● **Task directions**:
Without the pictures, output the lines of the material from the very first through the one that holds "Attraktive Frau trägt".

Start of Information supplied

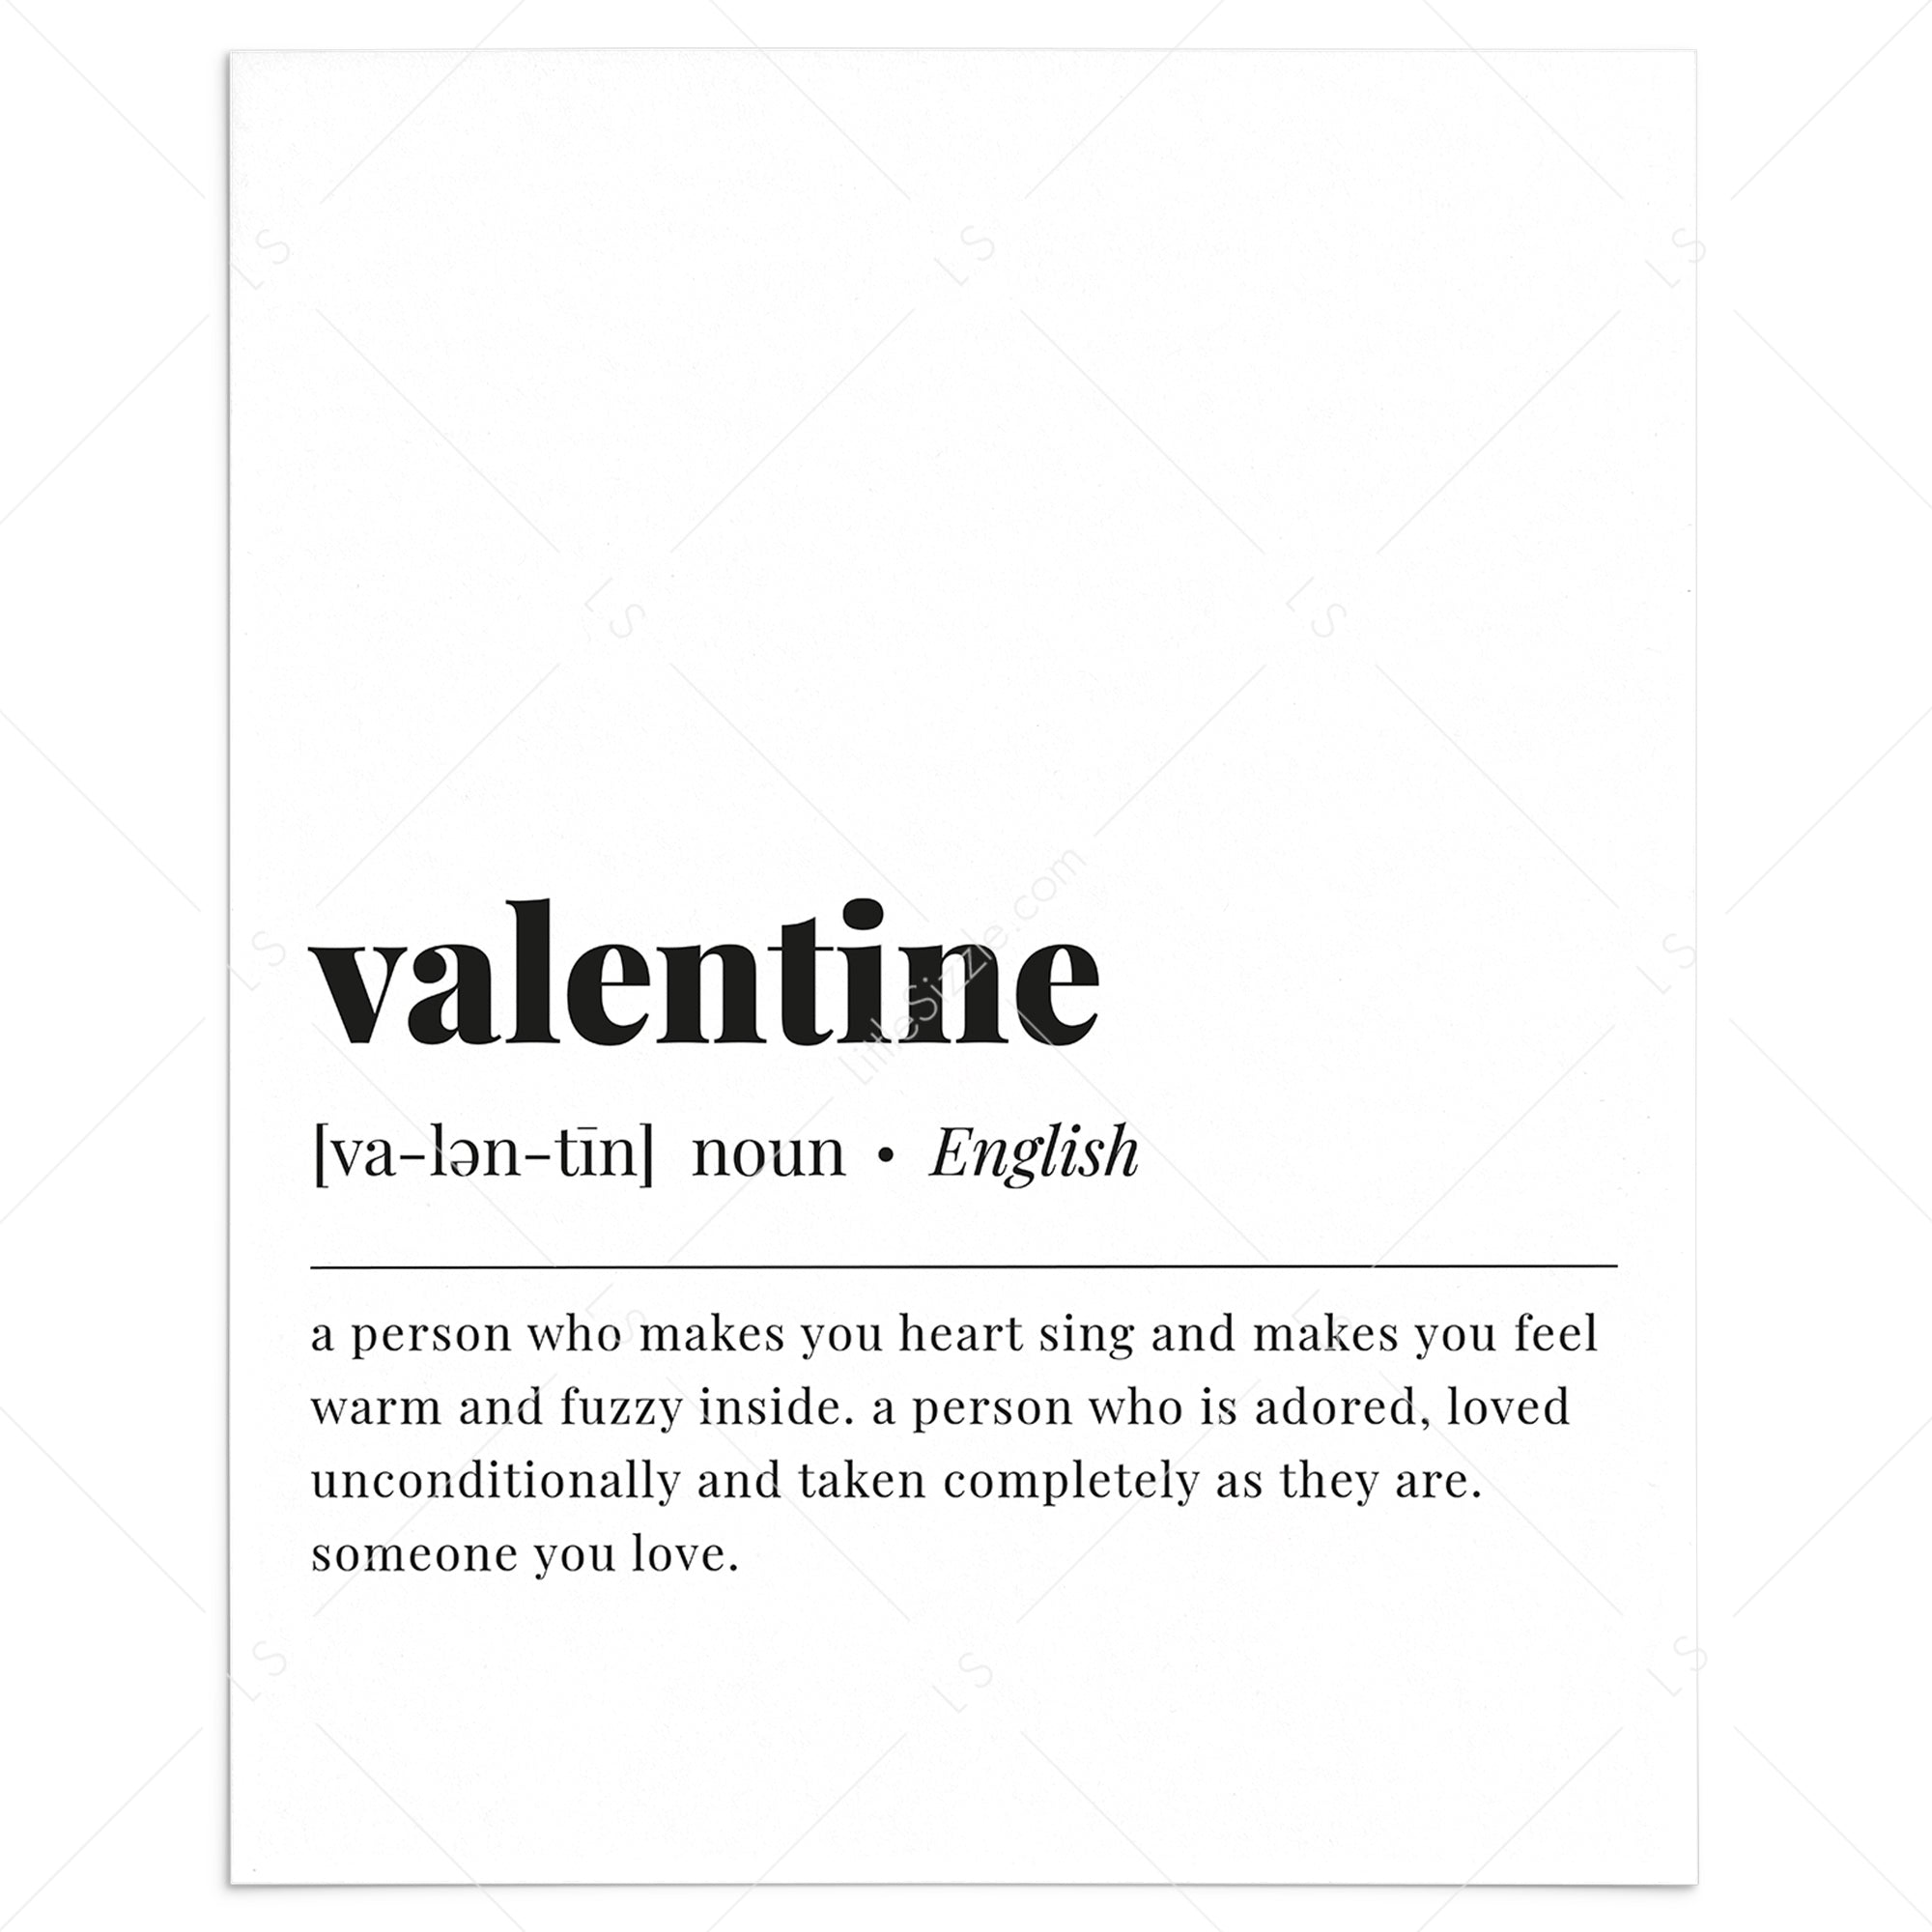 Valentine definition
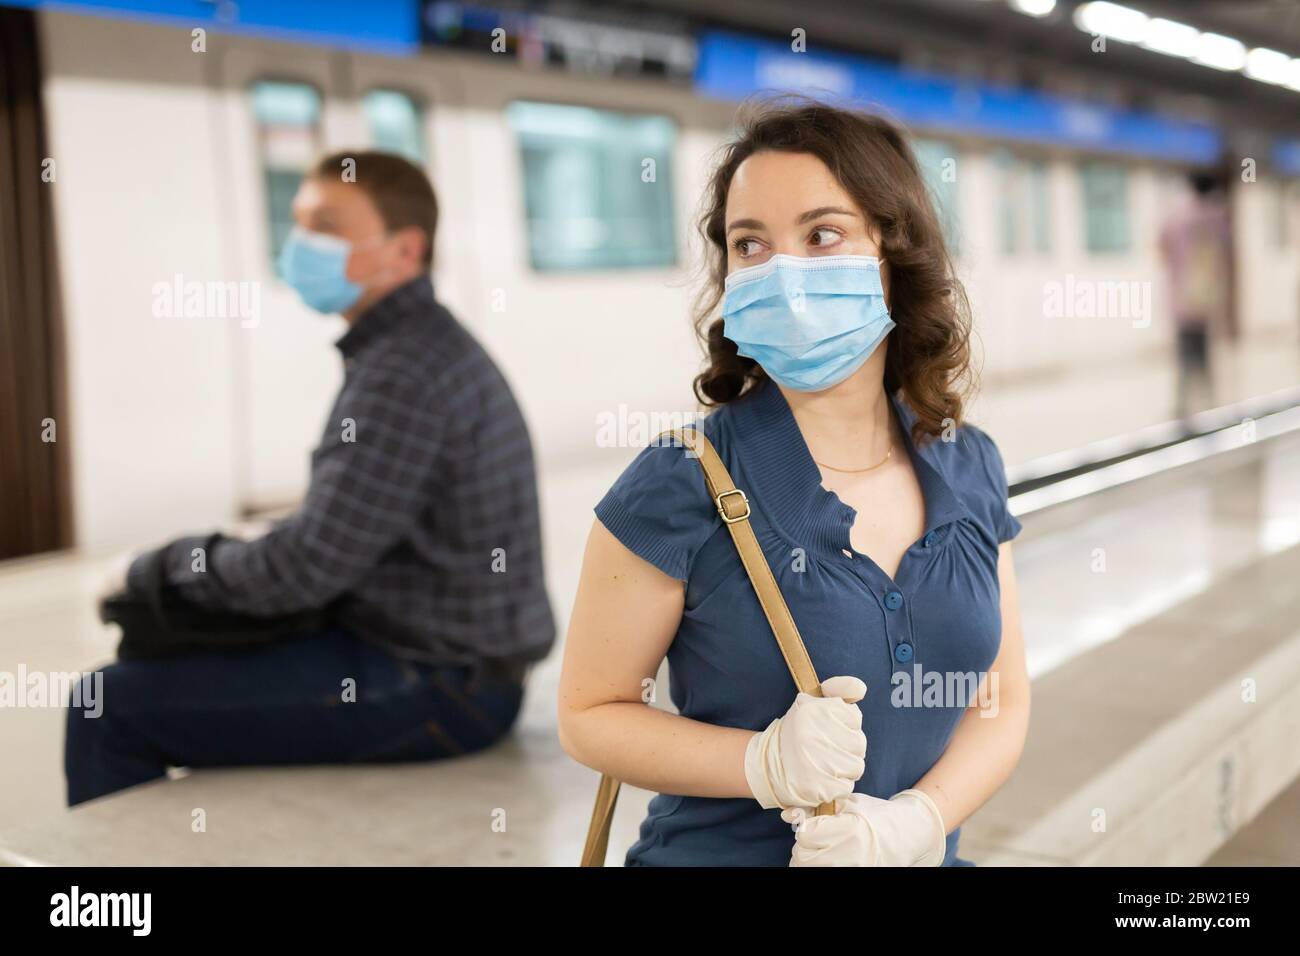 Attraktive Frau trägt medizinische Maske und Gummihandschuhe warten auf Zug  in Plattform der U-Bahn-Station. Neue Lebenswirklichkeit während COVID 19  pandemi Stockfotografie - Alamy
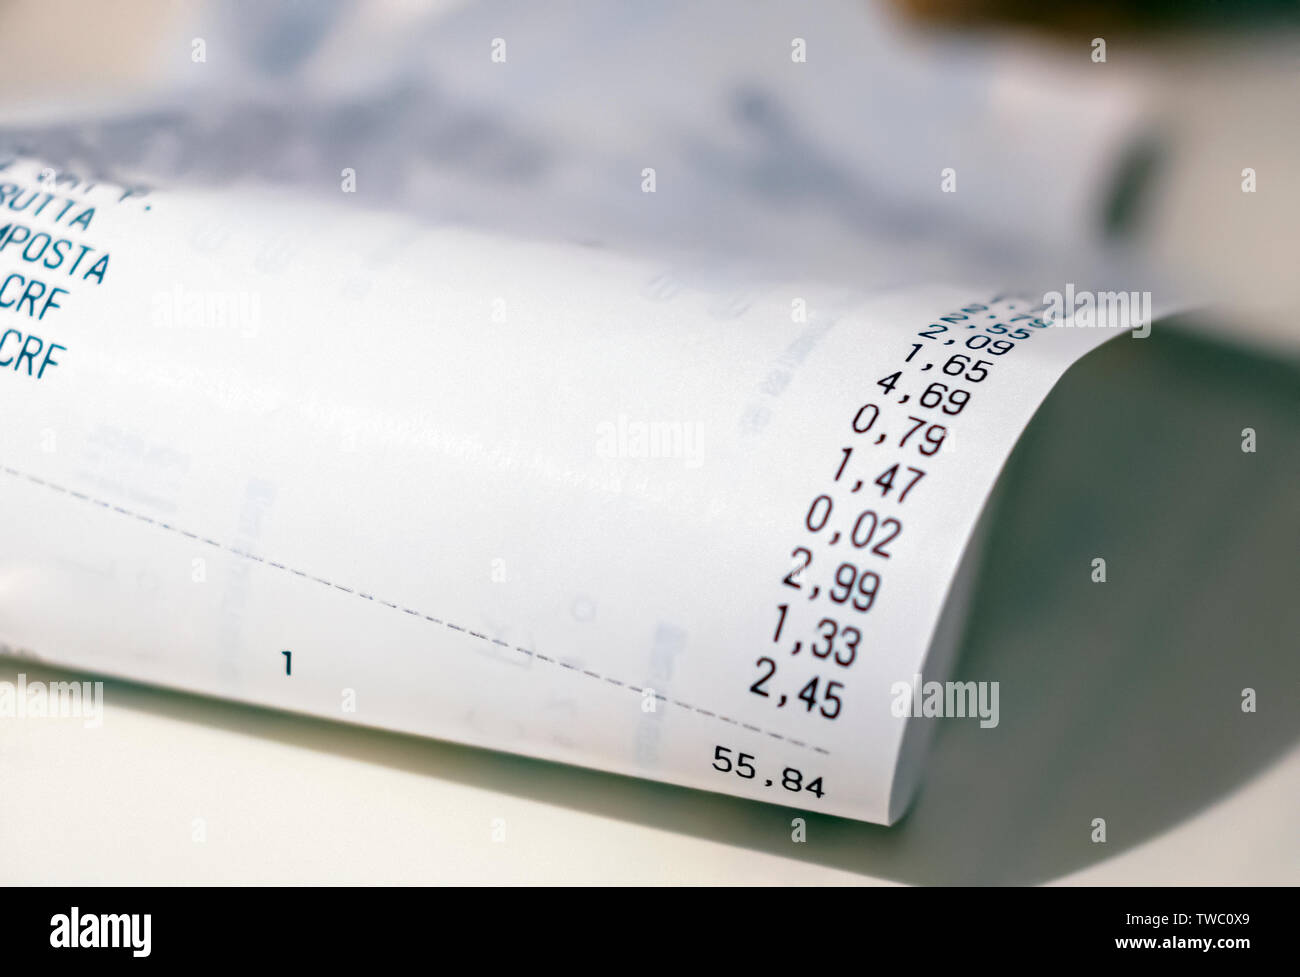 Vista ravvicinata della quantità totale di supermercato spesa stampate su una ricevuta della carta. Negozio di generi alimentari shopping list Foto Stock

End of Information supplied

● **Answer area**:
 Valentine definition
 Attraktive Frau trägt medizinische Maske und Gummihandschuhe warten auf Zug  in Plattform der U-Bahn-Station. Neue Lebenswirklichkeit während COVID 19  pandemi Stockfotografie - Alamy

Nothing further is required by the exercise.